Note that this is a Lamport-Diffie signature, not a Merkle one-time
signature. The Merkle one-time signature scheme (described in the second
paragraph under "Signing a several bit message" in [Merkle1987]) publishes
only preimage hashes corresponding to "1" bits, and uses a checksum.
> Generating the readcap is pretty easy: you build the K pubkeys for the
> top node (4*256 small hashes each), hash each one down (K large hashes
> of 512*32 bytes each), then hash those lists into a single value (one
> large hash of K*32 bytes). So 1M small hashes, 1024 hashes of 16KiB
> each, and one hash of 32KiB bytes.
>
> For K=1024 and M=256, the message signature consists of the leaf
> signature (one hash), and 26 nodes. Each node contains one signature
> (256 preimages), one pubkey (512 hashes), and 1023 hashes-of-pubkeys.
>
> So the overall message signature requires you publish about 46567 hashes,
> or 1.5MB.
The scheme that I'm currently considering has the following five
improvements over the one above:
1. For the signatures on non-leaf public keys, use the Winternitz one-time
signature scheme. This was first publically described in [Merkle1987],
but a clearer description is given in [BDS2008].

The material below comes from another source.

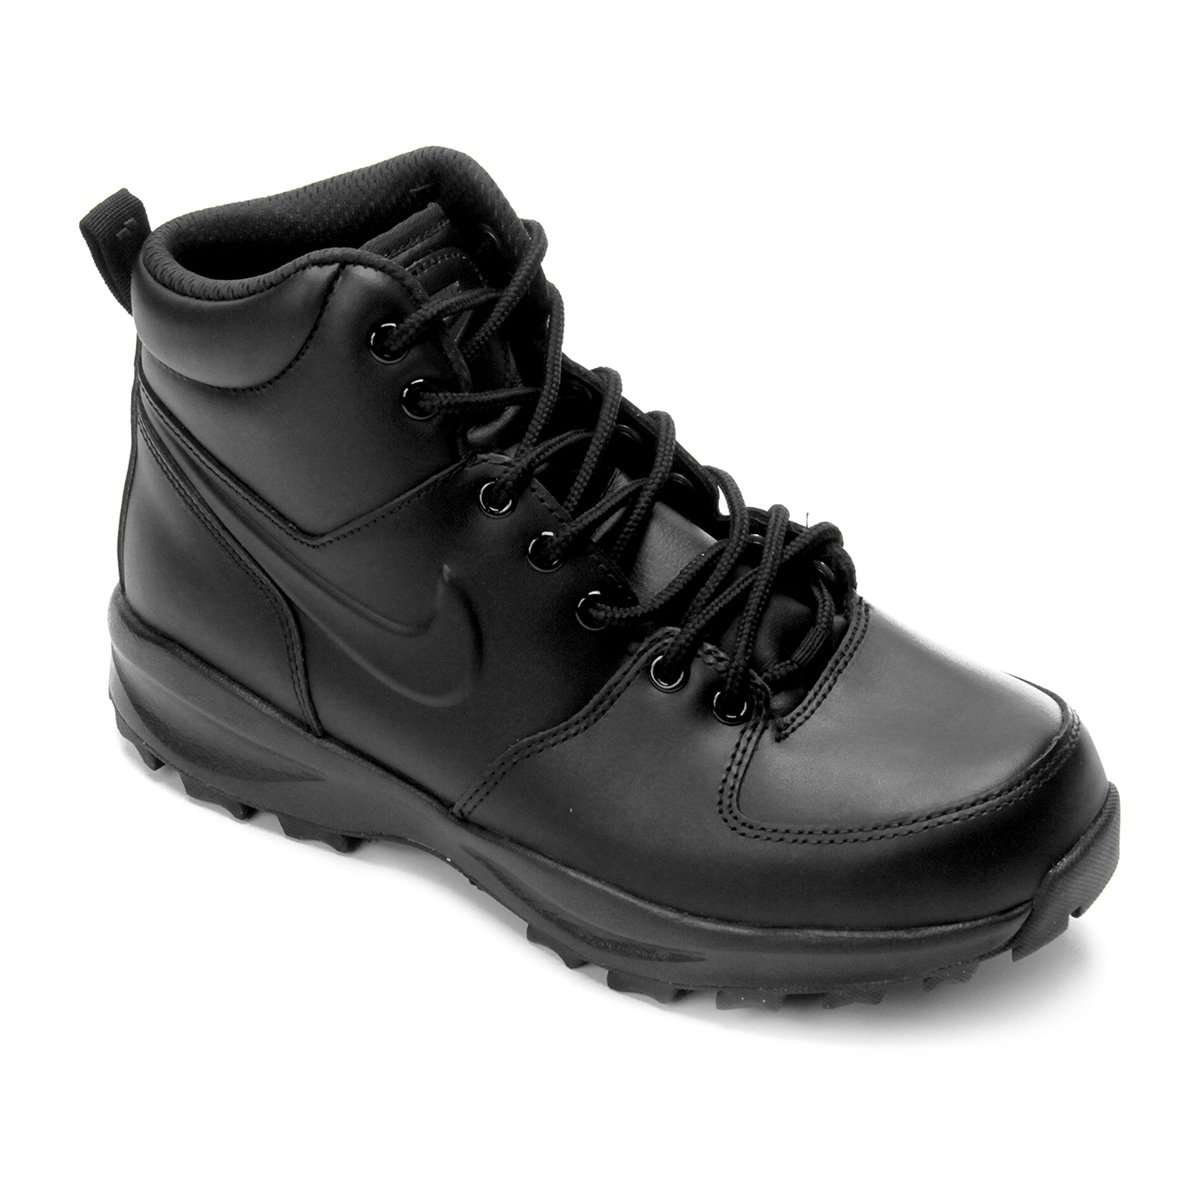 7b9eb406e0 Tênis cano alto nike manoa leather masculino compre agora netshoes jpg  1200x1200 Nike bota preta masculina

The Winternitz scheme (unlike the Lamport-Diffie or Merkle schemes) has
the property that the full public key can be derived from a signature.
Therefore it's not necessary to explicitly include the pubkey that is
being signed at each node, since it can be derived from the signature
on the next-lower node. More precisely, the lower signature gives a
claimed public key, which can be authenticated using the upper signature.
Winternitz signatures also allow a trade-off between signature size and
the number of hash computations needed to sign, depending on the base.
(Typically the scheme is described with a base that is a power of 2,
i.e. the message representative and checksum are expressed as base
2^w numbers. Actually it works for an arbitrary base >= 2, and using
a base that is not a power of two can sometimes save an extra few
percent in signature cost for a given signing size.)
The signing cost is linear in the base B, while the size of the
signature is only divided by lg(B). Nevertheless, choices of B from
4 up to about 32 are useful.
In the example above, the 256 + 512 = 768 hashes for the signature and
pubkey, are reduced to 133 hashes for base 4; 90 hashes for base 8; and
67 hashes for base 16.
Note that the optimal choices of K are typically smaller than 1024, so
the one-time signature/pubkey makes up a greater proportion of the
published size for each layer than in the example above. For instance,
if K = 16, B = 16, and M = 256, then the number of hashes published per
layer drops to 67 + K-1 = 82. Without any of the other improvements
below, at least 64 layers would be needed, so that would be 5248 hashes,
or 164 KiB. (If Zooko's optimization is used for the leaf signatures
then it is 63*82 + 15 + 1 = 5171 hashes, or ~161.6 KiB.)
2. It is possible to sign the root of a small Merkle tree of the child
pubkeys, rather than a flat hash of them. This saves on the signature
size whenever the authentication path is smaller than the full list
of sibling keys. The saving is not spectacular for optimal choices of
K, but is still worth having.
For example, if we use a Merkle tree of arity A = 2 and height h = 4
(excluding the root), then for K = 16, instead of publishing 15 hashes
of sibling pubkeys at each layer, we can publish an authentication path
consisting of (A-1)*h = 4 hashes. That cuts the total signature size
for K = 16, B = 16, and M = 256, with Zooko's optimization, to
4478 hashes, or ~139.9 KiB.
3. For the signatures on messages, we can use the following generalization
of Zooko's idea of revealing a private key indexed by a hash of the
message:
Instead of revealing one privkey, we reveal q privkeys, indexed by q
independent hashes of the message. The probability that *all* of these
hashes will already have been revealed (allowing a forgery), can be made
much lower than the probability of one hash already having been revealed.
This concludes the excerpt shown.